Januar 99, Zürcher Oberländer

Klistiere und Tropfen gegen die Übel der Welt

Die Gossauer Bühne spielt in der Altrüti-Halle "De iipildet Chranki" nach Molière.
Antiker Glanz und wunderschöne Kostüme: Die Gossauer Bühne bringt Molières eingebildeten Kranken auf die Bretter. Und das natürlich in Dialektfassung. Überarbeitet wurde Peter Leus Mundarttext von der Gossauer Bühne selbst wie auch von Regisseur Fredi Muggli.


Seit 1982 spielt die Gossauer Bühne in regelmässigen Abständen und dann wieder mit einzelnen Unterbrechungen Komödien und Krimis in Mundart. Jetzt, mit der neuen Inszenierung, blickt das 20köpfige Theaterensemble in die Vergangenheit.

Lust nach einer guten Komödie
"Le malade imaginaire" stammt aus dem 17. Jahrhundert. Molière wollte die Arroganz von Doktoren und Quacksalbern seiner Epoche gehörig aufs Korn nehmen. Zu jener Zeit verordneten diese bei Unwohlsein Klistiere und Anderlass, Salben und Tropfen mit mehr oder weniger trüben Mixturen. Und das natürlich zu nicht gerade kleinen Preisen.
"Nicht die Parallelen zwischen der Medizin des 17. Jahrhunderts und jener von heute (die durchaus vorhanden sind) waren Grund für die Wahl dieses Stücks, auch nicht die Anmassung, Weltliteratur auf die Bühne zu bringen, sondern ganz einfach die Lust nach einer sehr guten Komödie", so äussert sich das Schauspielerteam.

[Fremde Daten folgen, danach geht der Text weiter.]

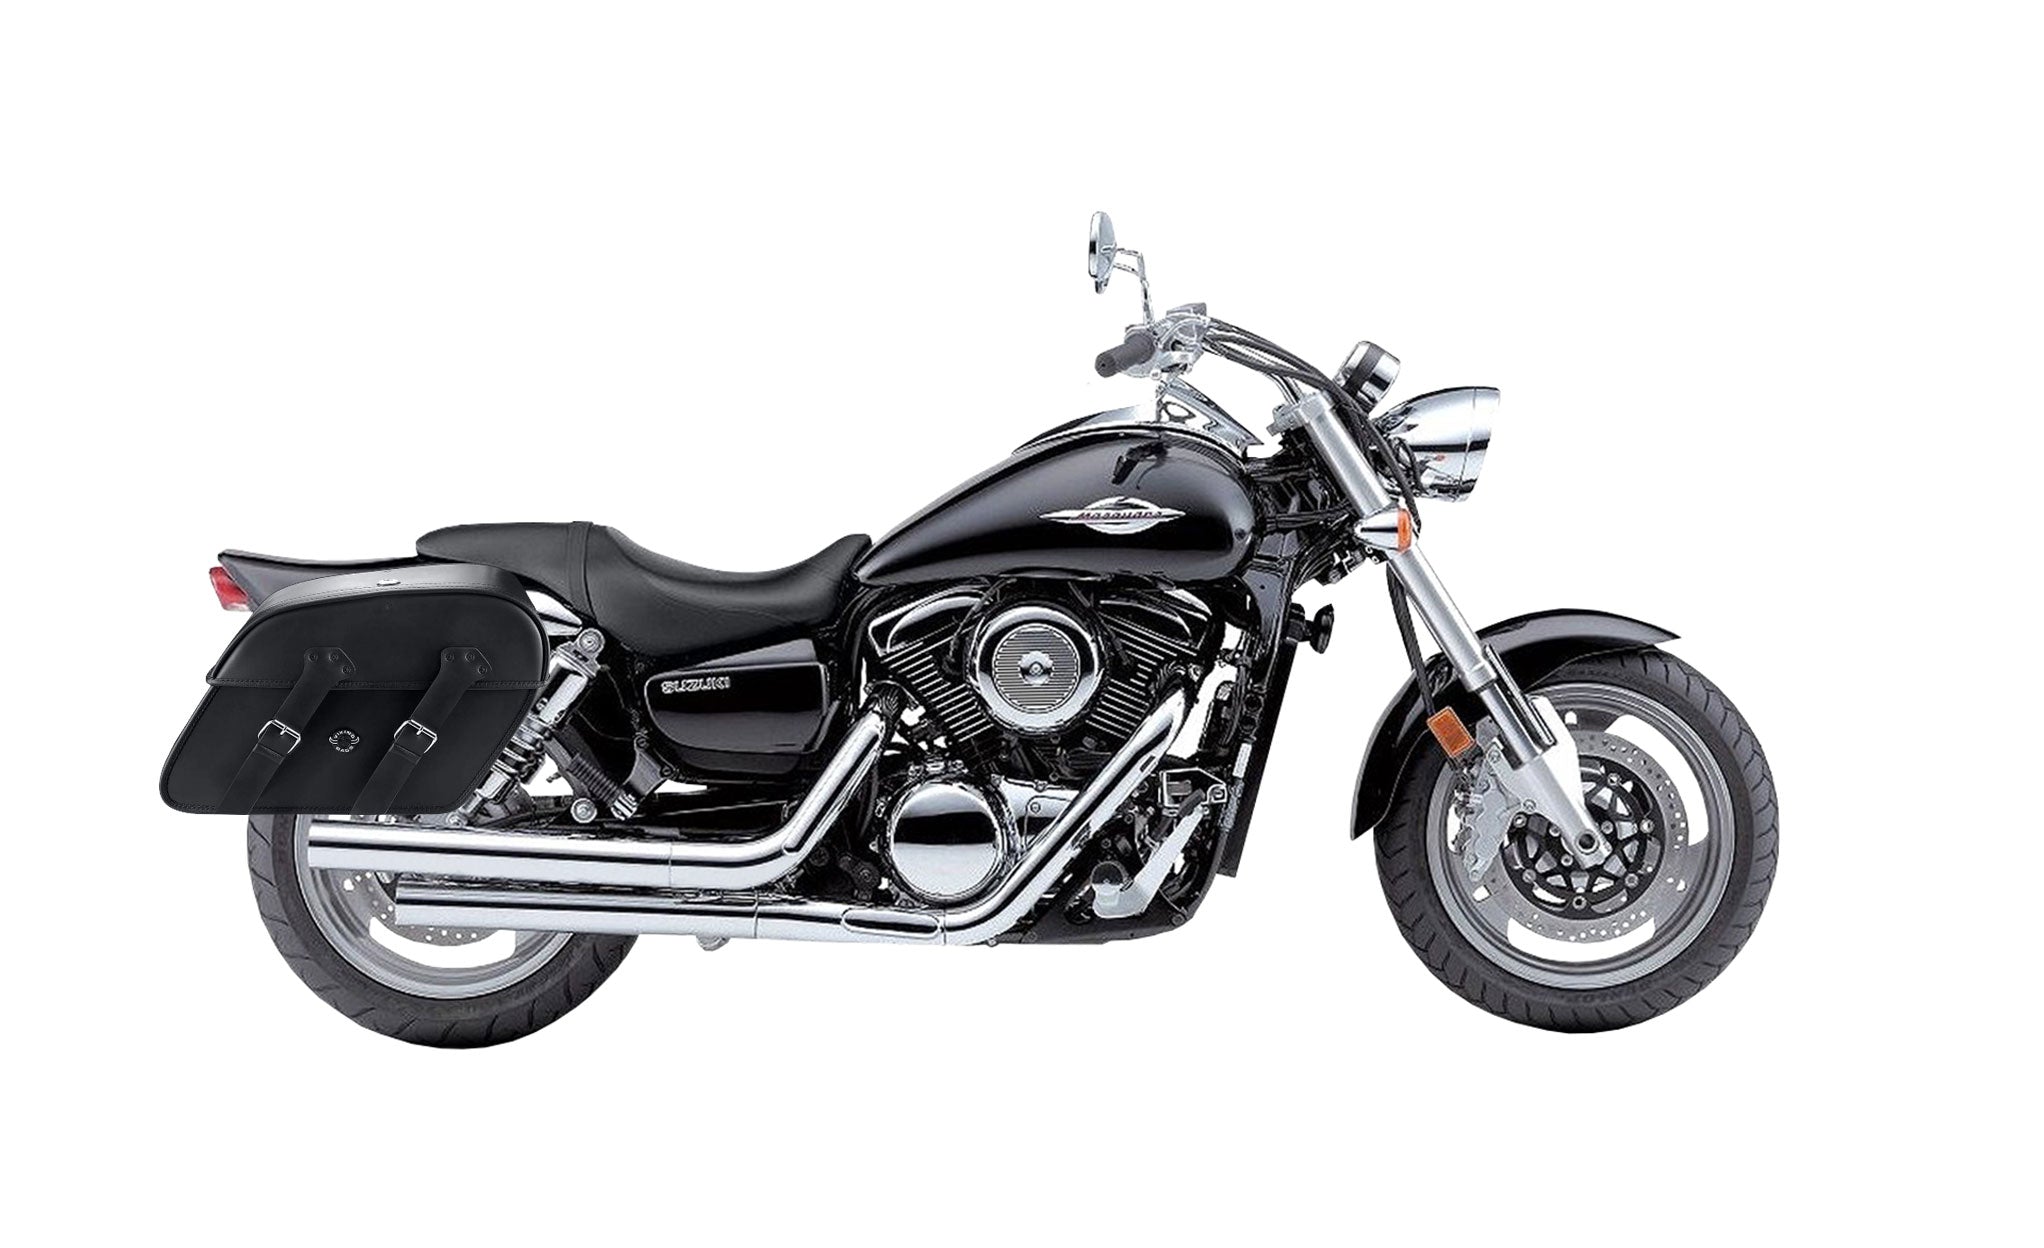 Viking Raven Extra Large Suzuki Boulevard M95 Vz1600 Leather Motorcycle Saddlebags on Bike Photo @expand

Gotthard Wyss hat ein gewaltiges Pensum zu leisten
Er lässt sich gern bedauern, dieser angeblich sehr kranke Mann, der gar nicht so alt ist, wie er aussieht. Gotthard Wyss als Bürger Argan hat ein gewaltiges Pensum zu leisten.
Er flucht das Hausmädchen Toinette (Claudia Götz) an, verkuppelt seine Tochter Angélique (Corinne Schleh), lässt sich von seiner unehrlichen Frau Béline (Rös Glauser) umschmeicheln. Doktoren und Giftmischer (Hanspeter Derksen, Martin D. Hoch, Gaudenz Freuler sowie Jack Lütschg), ein frisch gelockter Notar (Jürg Graf) und ein junger Verehrer der Tochter (Hanspeter Messmer) treten auf. Argans Vetter Béralde (Christof Hugentobler) hat alle Mühe, den sogenannt Kranken zu den Gesunden zurückzuholen.

Effektvolle Szenenauftritte
Die Fäden in dem anspruchsvollen Stück ziehen Regisseur Fredi Muggli und Regieassistentin Helga Lütschg. Es gilt die Szenenauftritte mit effektvoller Musik zu unterstützen, den vier neu hinzugezogenen Schauspielern die nötige Sicherheit zu verleihen. Von einer stoischen Ruhe ist der Protagonist auf dem gewaltigen Krankensessel.
Am Anfang zählt er seine Batzen, bedauert sich und sein Verlassensein unaufhörlich, lässt sich von der gewitzten Toinnette erneut in Rage bringen, staucht sie, die Lebenstüchtige, zusammen, dass die Balken krachen, und sinkt schliesslich - nach einer weiteren Entleerung - fast tot in die Kissen. Die urchige Berner Mundart von Gotthard Wyss kommt dem halb französischen Flair sehr entgegen. Der Mann gibt sich natürlich und scheint mit der Rolle auf du und du. Seit den Sommerferien sei er am Einstudieren seines Fachs gewesen, zusammen mit seiner Frau, wie Wyss sagt, die ihn abgehört habe.
Der Zuschauer bekommt dann wirklich geradezu etwas Mitleid mit dem zu Bedauernden in den Kissen. Er wird von den mit Krinolinen und Rüschen schön gewandeten Damen nicht nur geliebt. Doch falsche Gefühle und schlechte Ratschläge wenden sich in einem aussergewöhnlichen Finale zum Guten, das ist sich die Komödie schuldig. Und dies obwohl Argan mit den Worten Molières selber sagt: "De Molière isch en Esel".
Zöpfe wackeln, Locken glänzen, mit Bordüren geschmückte Kostüme werden zur Schau getragen: "De iipildeti Chranki" verspricht neben witziger Unterhaltung ein wahrer Augenschmaus für Theaterbegeisterte zu werden. Eine sorgfältig vorbereitete Bühne und ein motiviertes Team mit vielen fleissigen Händen im Hintergrund erwarten das Publikum.